RELATED: Ohio bill would ban abortion without rape exemption

"There's a strong, strong likelihood that that will be passed and signed by the end of 2022," Whitmarsh said.

Burkons isn't so sure about that timeline, noting that it takes time to pass a bill, have it signed by the governor and then have it go into effect. The Republicans would need to get the bill passed now.

"I think that [the Republicans] realize that this is, right now, not a real good issue, because if you compare with Indiana, which is a bit redder even than Ohio, they went right ahead and passed the bill," he said. "Ohio could have called a special session, but they didn't."

RELATED: Sen. Rob Portman opposes proposed national abortion ban

He figures the law will be passed around the first of the year. Then the question becomes if the six-week bill is unconstitutional, wouldn't that also make the more restrictive ban unconstitutional as well, he said.

Now, Ohioans just have to wait.
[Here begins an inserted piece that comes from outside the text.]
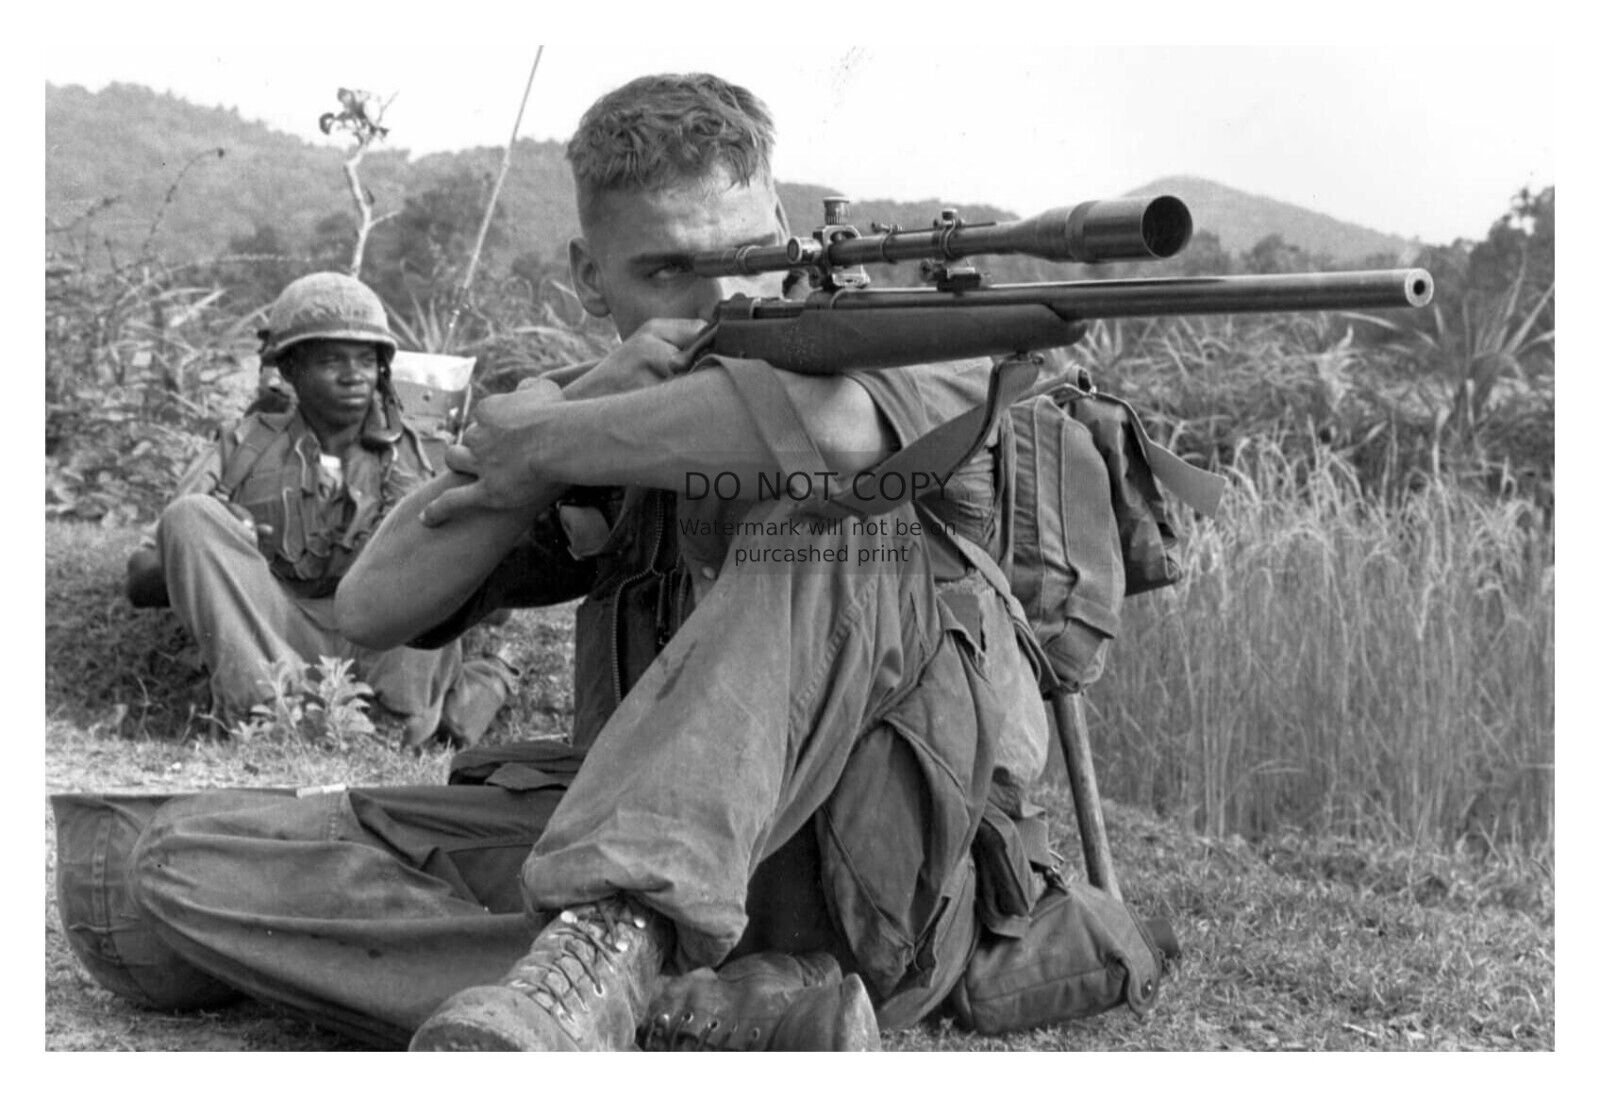 LANCE CORPORAL DALTON GUNDERSON VIETNAM WAR USMC SCOUT SNIPER 4X6 B&W PHOTO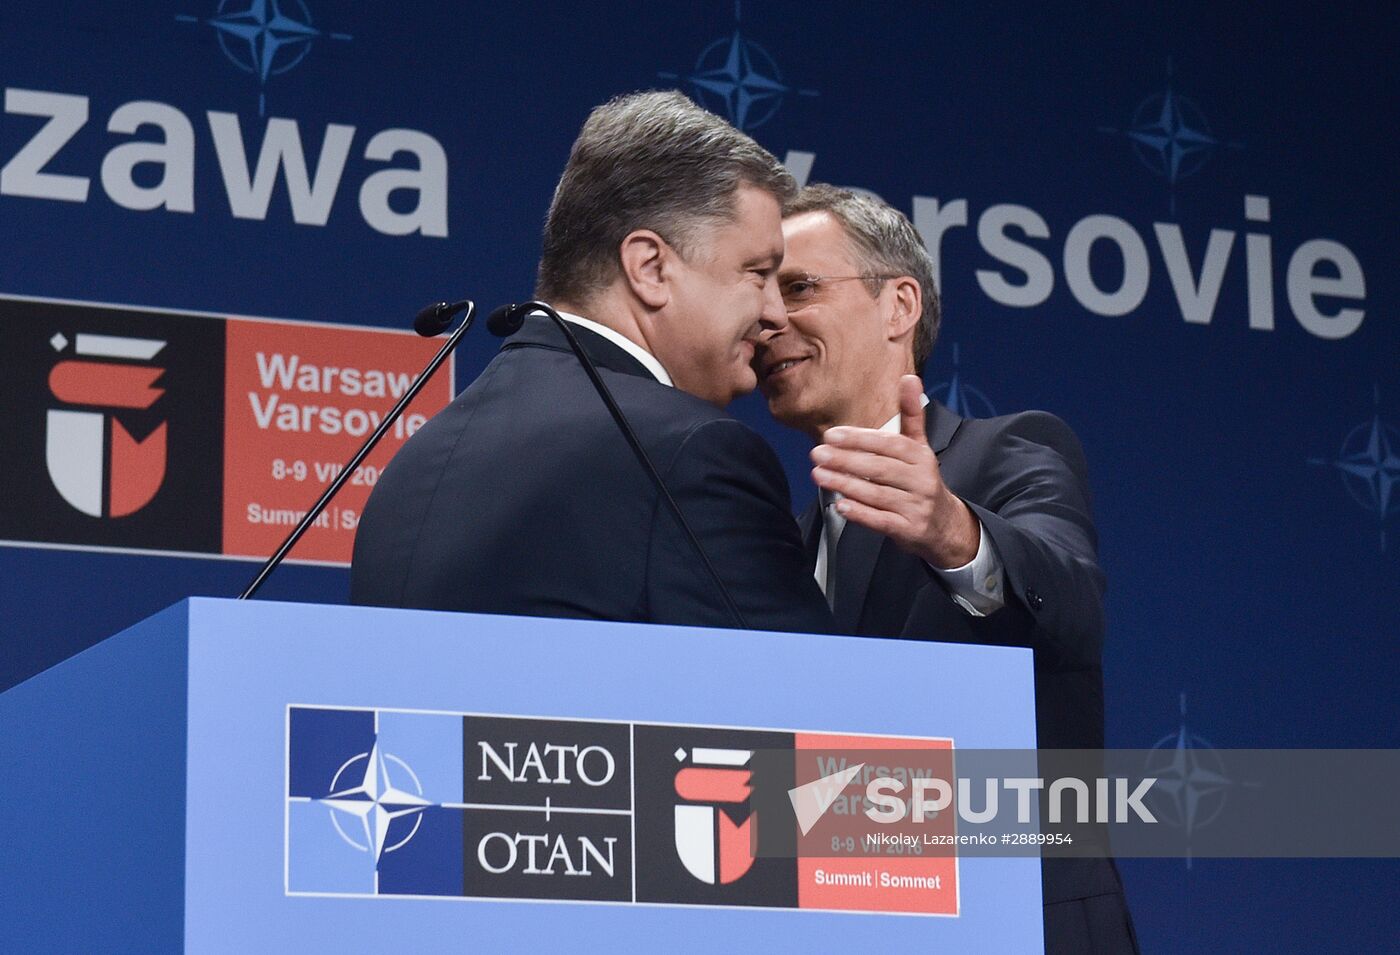 NATO Summit in Warsaw. Day 2

The judge will be making a decision within 13 days about whether he will extend the block for another two weeks to give him time to think or if he is just going to completely block the law until the trial is over.

Until then, expect clinics to have "sidewalk advocacy groups," to encourage life, Whitmarsh said.

"They're definitely going to go back out to those abortion mills and make sure there is support there," she said.

"Sidewalk advocacy groups" are just loud and invasive protestors to Burkons.

"These people that are outside the clinic yelling at you and screaming at you, they don't know you," the doctor said. "They don't know anything about you, but somehow they know what you should do with your life and they want to make the choice for you when it's your job to make the choice for yourself."